Predictably, this idea has been seen by the media as less ‘cracking’ and more ‘crackers’.  In typical discussions on the proposal the word ‘gimmick’ is bandied about freely.  Howls of “X,Y or Z Website already do this” are used to then make the point that the Conservatives don’t even understand what is already out there, “waste of taxpayers money” is another accusation from the Labour camp (irony noted). Without a loud challenge to the naysayers it has the whiff of an own-goal.   It should not have.  This is an idea with genuine merit. The cheap shots are a reaction to the headline without reference to detail.

The devil is, of course, always in the detail.

The inspiration for the ‘competition’ is the fabled ‘X-Prize’ foundation.  This has proven that you can drive innovation (at low cost) through competition.  Its first famous success was a prize for a privately built ‘spaceship’ that could reach orbit.  Now that sounds ‘crackers’! – but it worked.  A small company working in a small hanger in the United States managed what twenty years earlier had taken super-powers significant parts of their GDP to develop and still defeats many nation state-funded space programs today.  With an eye on the prize, an eye on a tight budget, and without the politics and grandeur that stick to state funded programs – they innovated, accelerated and delivered.

The critical success factor was in the detail of what you needed to do to claim the prize.  It wasn’t about drawing up plans for a spacecraft.  It wasn’t about building a mock-up.  It was about building it, launching it and doing it.  In short: delivering it.  No delivery, no prize.  And it wasn’t about a one-off either.  To claim the prize you had to put three people into space, in the same machine, and bring them back in one piece twice in two weeks.  Any cost of failed development was shouldered by the private enterprise – not the taxpayer.

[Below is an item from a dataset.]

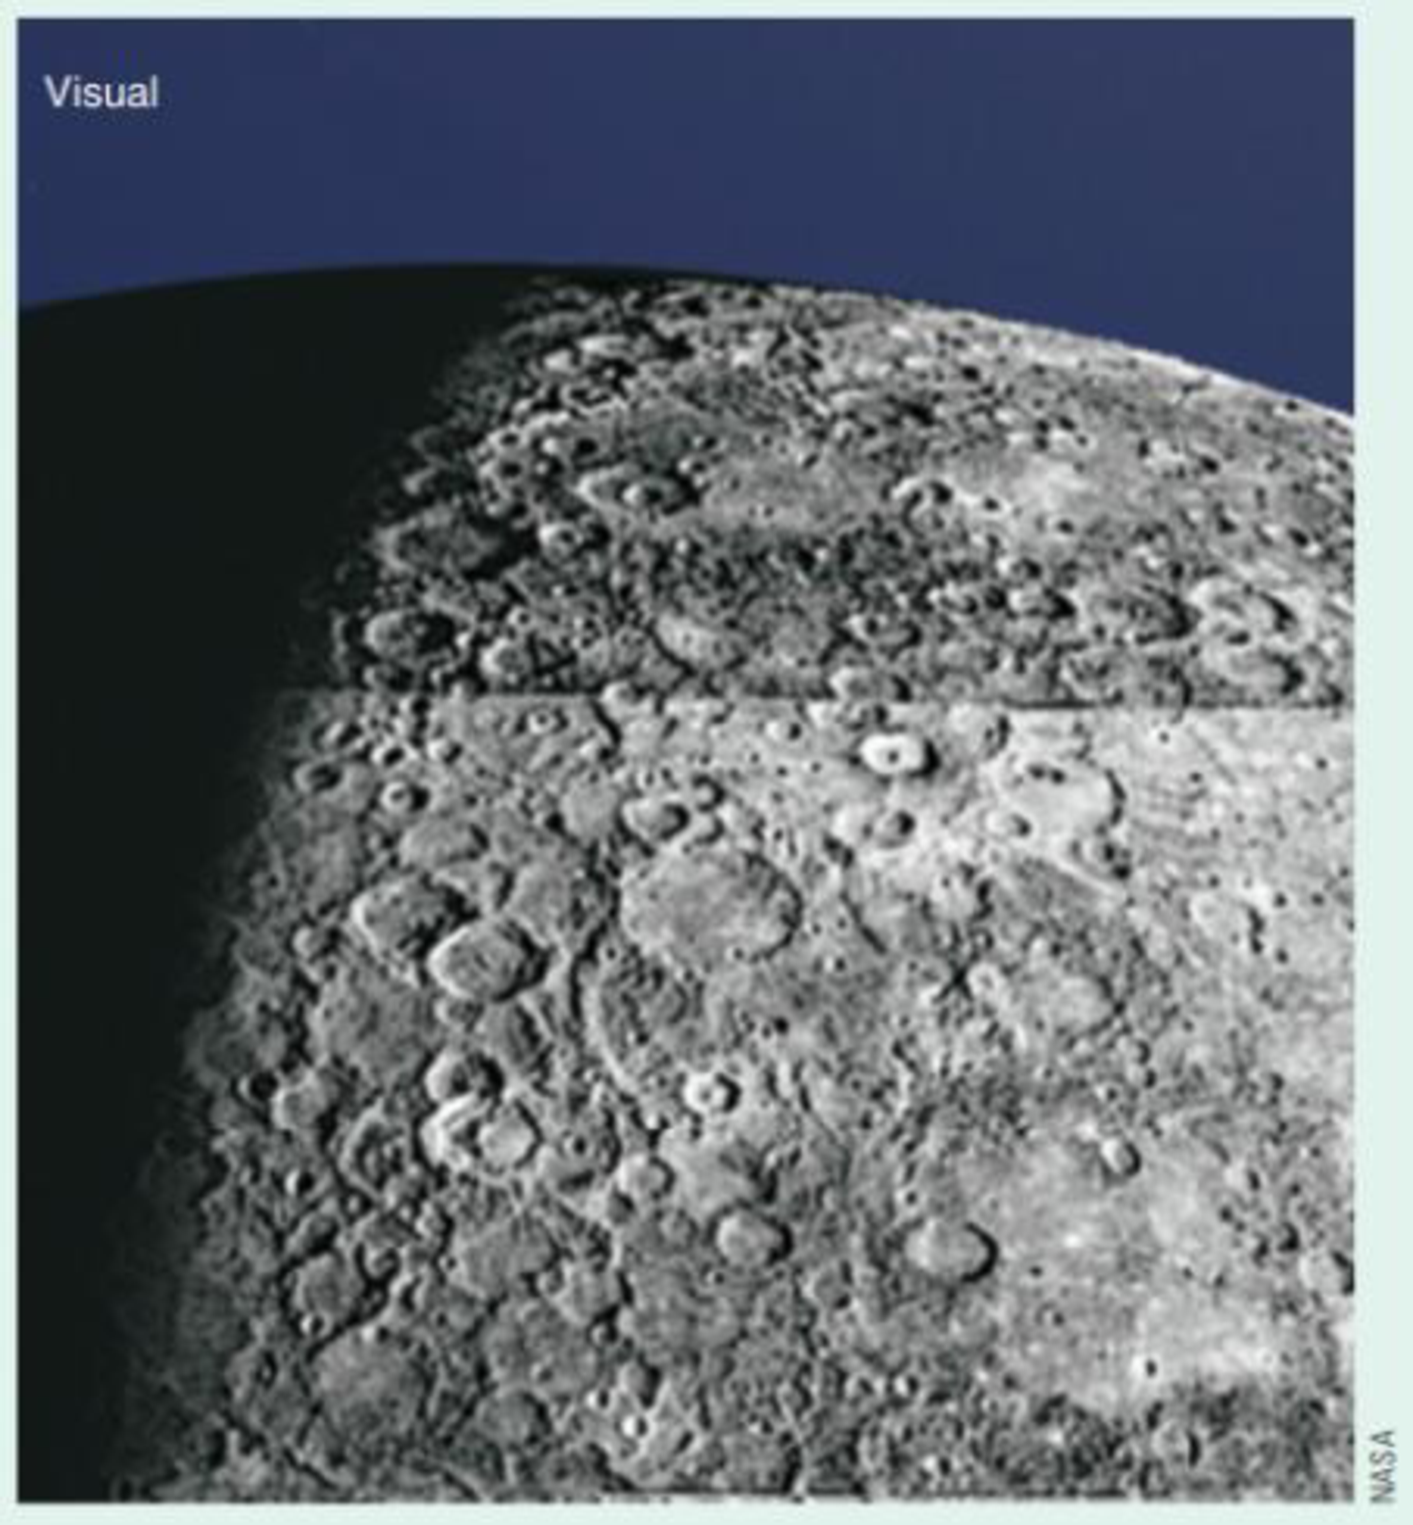 Chapter 18, Problem 2LTL, Why do astronomers conclude that the surface of Mercury, shown here, is old? When did the majority

And so it can be with this ‘crowd-source’ government prize.  Get the right criteria in place before the million can be claimed and you have it cracked.   This cannot be about simply knocking up a website with ‘Web 2.0’ or social media features.  It can’t be about just naming the technology or ripping off an existing platform and rebranding it.  No – it has to be about ‘delivering it’.  So to claim the prize, you should have to have something like the following auditable criteria met (I’ve plucked the numbers from thin air by way of example):

  • 250,000 UK taxpayers as registered members.
  • At least 25,000 unique visitors a month for a six month period
  • Mechanism built in to ensure ‘trust’ (perhaps similar to ebay user ratings)
  • Watch system and checks and balances built into identify and catch and attempts to manipulate the system (which defeats deliberate attempts from the judges to manipulate the system)
  • Ease of use (could be demonstrated by requiring 100,000 of your registered users clicking to confirm that they believe the site is worthy of the prize – with any inducements for clicking leading to disqualification)
  • 24/7 uptime of 99.99% over a six month period

And you can add and add criteria to the list.  You could happily have very many websites co-existing for years as they tried to hit all the required performance indicators – the only winner in the development period would be the taxpayer.  It would cost us nothing, the government would be getting the kind of voter input it could only previously dream of and when there is finally a winner it would have a solution they would be far, far cheaper, far more stable and far better user-tested than any other government IT project.  A million pounds really isn’t very much at all in the scheme of Government IT projects.  This could easily represent the biggest taxpayer ‘bang-for-buck’ in recent history.

So Jeremy, ignore the naysayers – press on with this and let’s prove that perhaps the Conservatives really do ‘get’ the internet.  Your success or failure will rest entirely on those claim criteria…. get them right prove the naysayers wrong!